THIRTY-FIVE

Elizabeth had not brought a change of clothes. I’d left one of my clean denim shirts in the bathroom for her to wear to bed. I sat on the porch, listened to the shower running, sipped an Irish whiskey and rubbed Max’s sleepy head. I’d shown Elizabeth the guest bedroom, turned down the sheets for her, and hoped, somehow, that her emotionally frayed brain would succumb to sleep.

I knew my mind would not, at least not now. I wondered whether Marion County CSI had retrieved all the evidence they possibly could. Wherever they had found the bloodstained butterfly box, I hoped they’d combed every square inch. The rains were coming. Clues and forensics evidence would be seriously compromised. It wasn’t my case, and I was no longer a cop. But I’d just told a very frightened mother that I’d find her daughter. From an unscheduled stop at a Walmart, to a potential double murder investigation, here I was again.

I sipped the Jameson. Lightning flickered beyond the oxbow in the river, the flashes casting the tall palms in silhouette. If Molly and her boyfriend had been slaughtered in the forest, was their killer Frank Soto? Had he escaped long enough to track them down, and if so, why would he, or anyone else, want them dead? The thought of Molly’s body lying somewhere across the river, deep in the Ocala National Forest, sent an iciness between my shoulder blades. Rain on her body could wash away evidence. Maybe she was alive. Maybe the blood on the butterfly box wasn’t hers. And maybe the handprint was someone else’s.

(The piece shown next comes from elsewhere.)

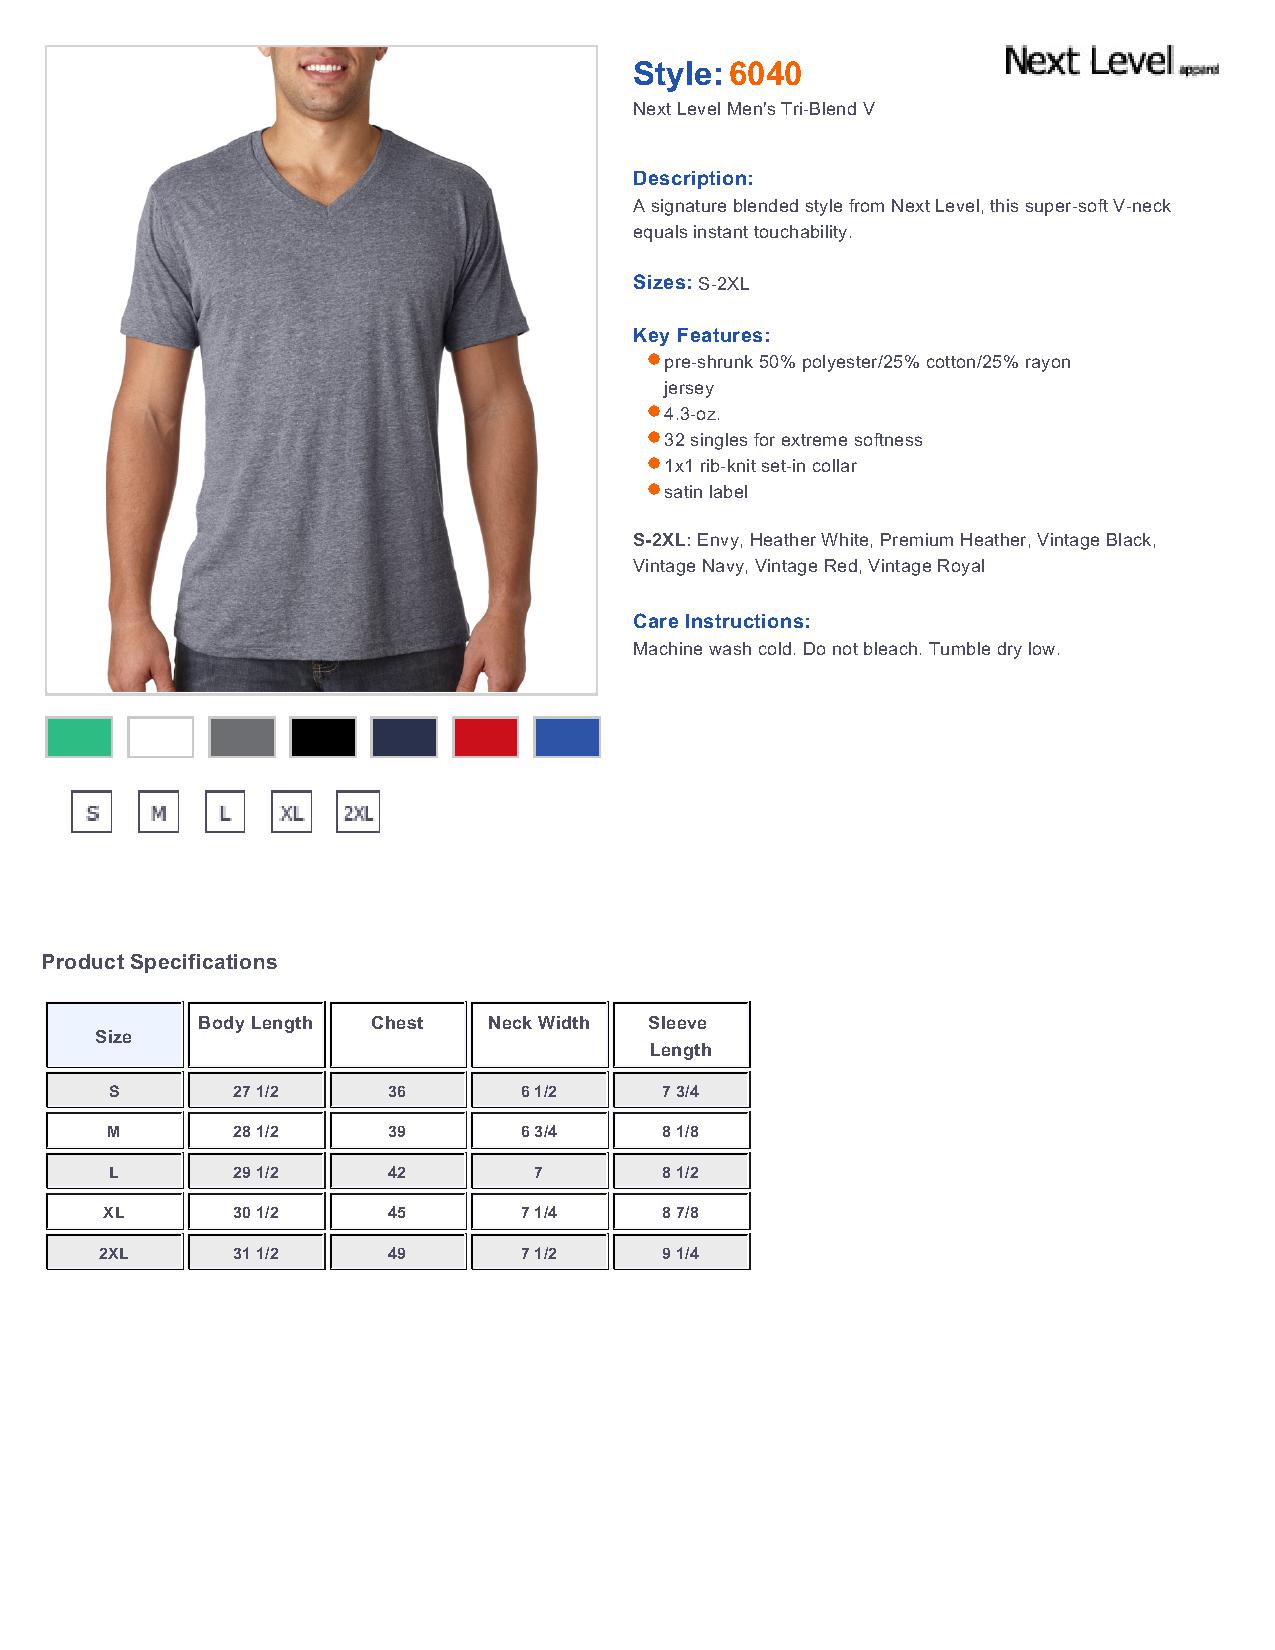 6040 Next Level Tri-Blend V $5.56 - T Shirts

The Irish whiskey whispered false secrets in my ear. But, for the woman lying in my guest bedroom, clutching onto any possibility of hope, for her sake, I would listen to the whispers. I would entertain illusions of optimism and delay the truth serum that propped up my guard and fought the purple dragons of fantasy.

Feeling fatigue lock in behind my eyes, I leaned back in my big whicker rocker. Max was sound asleep in my lap, and I was hoping Elizabeth had fallen asleep in the spare bedroom. It was just me, the silent flow of the black river around the cypress with its prop wash of today being carried out to sea, and the tiny winks of light from hovering fireflies signaling for the lightning to come play tag in the dark. The first drops of rain popped on the tin roof over my head. Max opened her sleepy eyes for a second, and then drifted off. I listened to the rain against the metal engulf me into the roar of a waterfall from heaven.

* * *

Luke Palmer lay beneath the plastic tarp he’d strung between two scrawny pine trees. The rain had passed and morning was taking its time getting up. He opened his eyes and watched the tawny light turn the forest into a morning of buttery colors. It was then he thought of the tree he’d seen yesterday. The two hearts stretched into wings as if the old tree had a tattoo and the lines were blurring. Ma Barker’s boy, Fred, carved ‘em, according to Karpis. Boy must have loved his mama. At least he knew her. Not everybody in this world gets that.